Keywords— augmented reality, vocational education
I. INTRODUCTION
Information and communication technology (ICT) has
developed year by year. These developments have impact on
various sectors such as transportation, health, banking,
government and education. Education field began to emerge
various new platforms such as MOOC (Massive Open
Online Course), Mobile learning, and E-learning. The other
sectors that also emerge are such as smart city technology
and O2O service (Online to Offline). This era is called
disruption era, that is an era where innovation can replace
old, unsophisticated, impractical, inefficient, and
unproductive technology with digital technology that
produces something new, more efficient, faster, cheaper,
easier and more useful. In addition to disruption, there are
innovations that have an impact on cutting the cost of
production stages in the form of labor and affecting the
creation of employment called efficiency innovation [1].

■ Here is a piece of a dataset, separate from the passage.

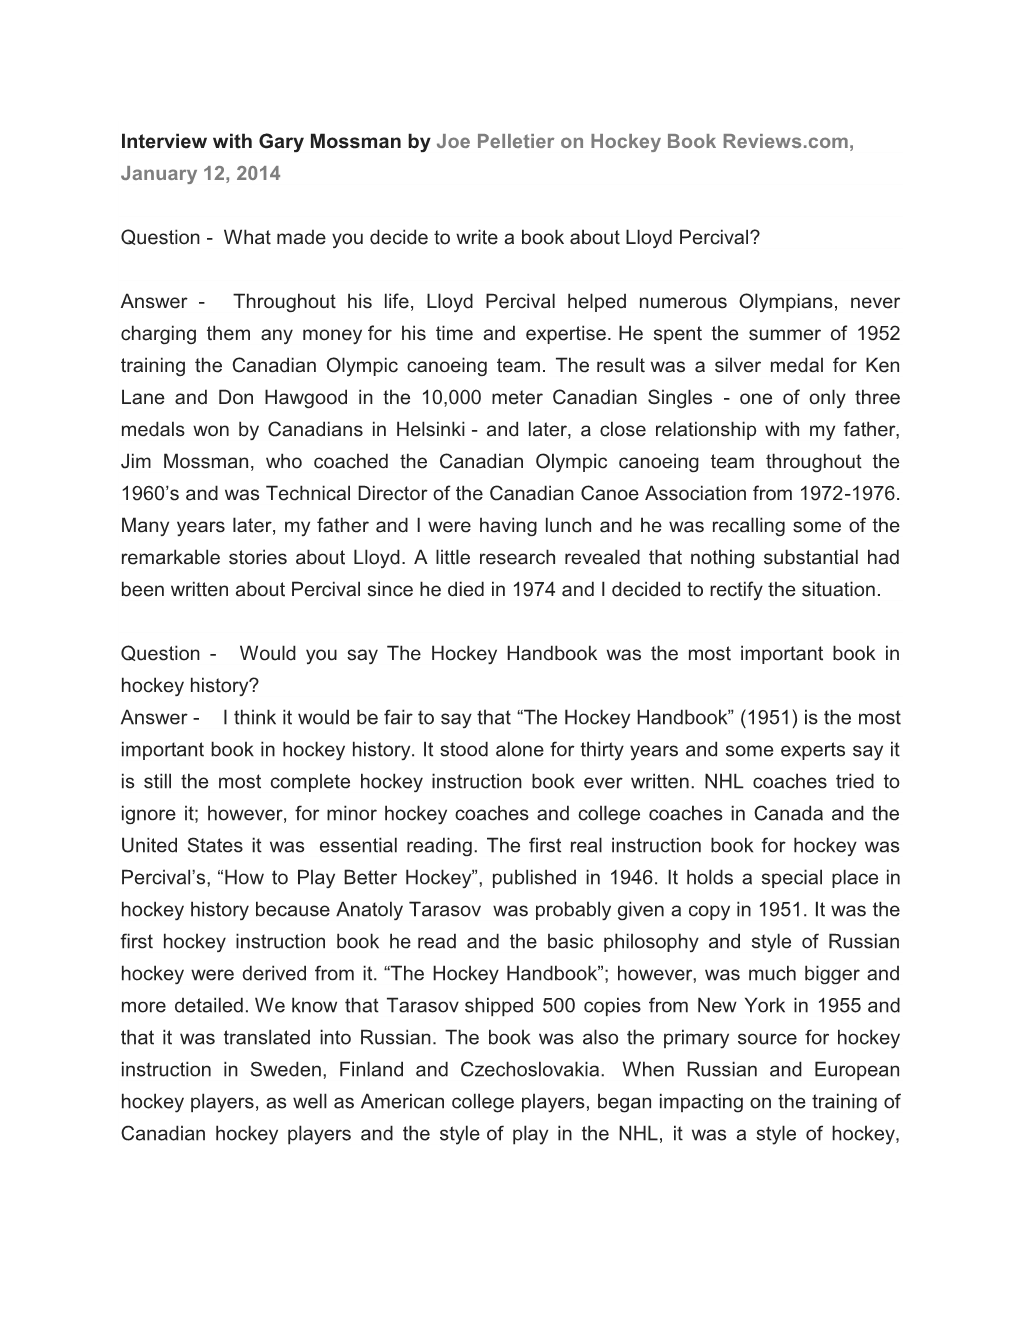 Interview with Gary Mossman by Joe Pelletier on Hockey Book Reviews.Com, January 12, 2014

Digitalization and automation in various industries have an
effect on preparing for a digital-based industry revolution.
One of area in education field that needs to be improved is
vocational education that prepares people to make technical
rigorous procedures, that must be properly assimilated and
enforced, many of which attached to technicalities, rules and
safety standards [2].
Some ICT developments such as Virtual Reality,
Augmented Reality and Internet of Things began to have a
role in education. Virtual Reality (VR) is a simulation
technology that allows users to interact with the environment
that is in the virtual world. Augmented Reality (AR) is a
technology that uses tools like smartphones or tablets in
projecting virtual objects such as illustrating the proper use
of techniques on an object or showing the shape of a model
into a real environment. While Internet of Things (IoT) is a
concept where objects that are often used in everyday life
such as smartphones are connected to one network and data
from that network can be utilized for other needs [3].
In the digital age, the needs of technology and workings
are changing, especially in vocational education. Learning by
conventional methods and work methods that typically use
properties and instruments, AR offers its potential to
visualize instruments in learning to gain a different learning
experience.
Potential of AR has not been applied maximally and is
still rarely used in vocational education especially in
learning. The most notably reason is the creation of complex
and constrained content and development on resources and
costs [4].
In the industrial field, interconnected production
processes can cause complexity so that employees are
required to be able to follow the complexity. Education in the
operation and maintenance of machinery is often important
in the technical training process. The machines are getting
more complex and increasing automation. AR is best suited
to prepare employees during education with the potential to
integrate both the real world and the digital world. Such an
AR describes a combination of interactive and dynamic
digital information and data with real and surrounding
objects [5] [6].
Several studies have shown that AR can be used in
designing exploratory learning activities with the
Gamification approach [7]. Because AR is able to combine
real-world and digital and can be used for learning like
machine visualization. In this research, the writer applies
Augmented Reality technology in education especially in
learning chemistry, which explains about chemical bond.
This case study can be an example to apply in vocational
education.
II. METHOD
Research about how to improve the learning experience
using technology increasingly focuses on the latest
technologies such as AR, ubiquitous learning (u-learning),
mobile learning (m-learning), and games [8]. One of the
technologies that is the most potential one and requires
development is AR [9]. The rapid technological evolution
has had an impact in education field, especially when
technology is combined with adequate pedagogical base.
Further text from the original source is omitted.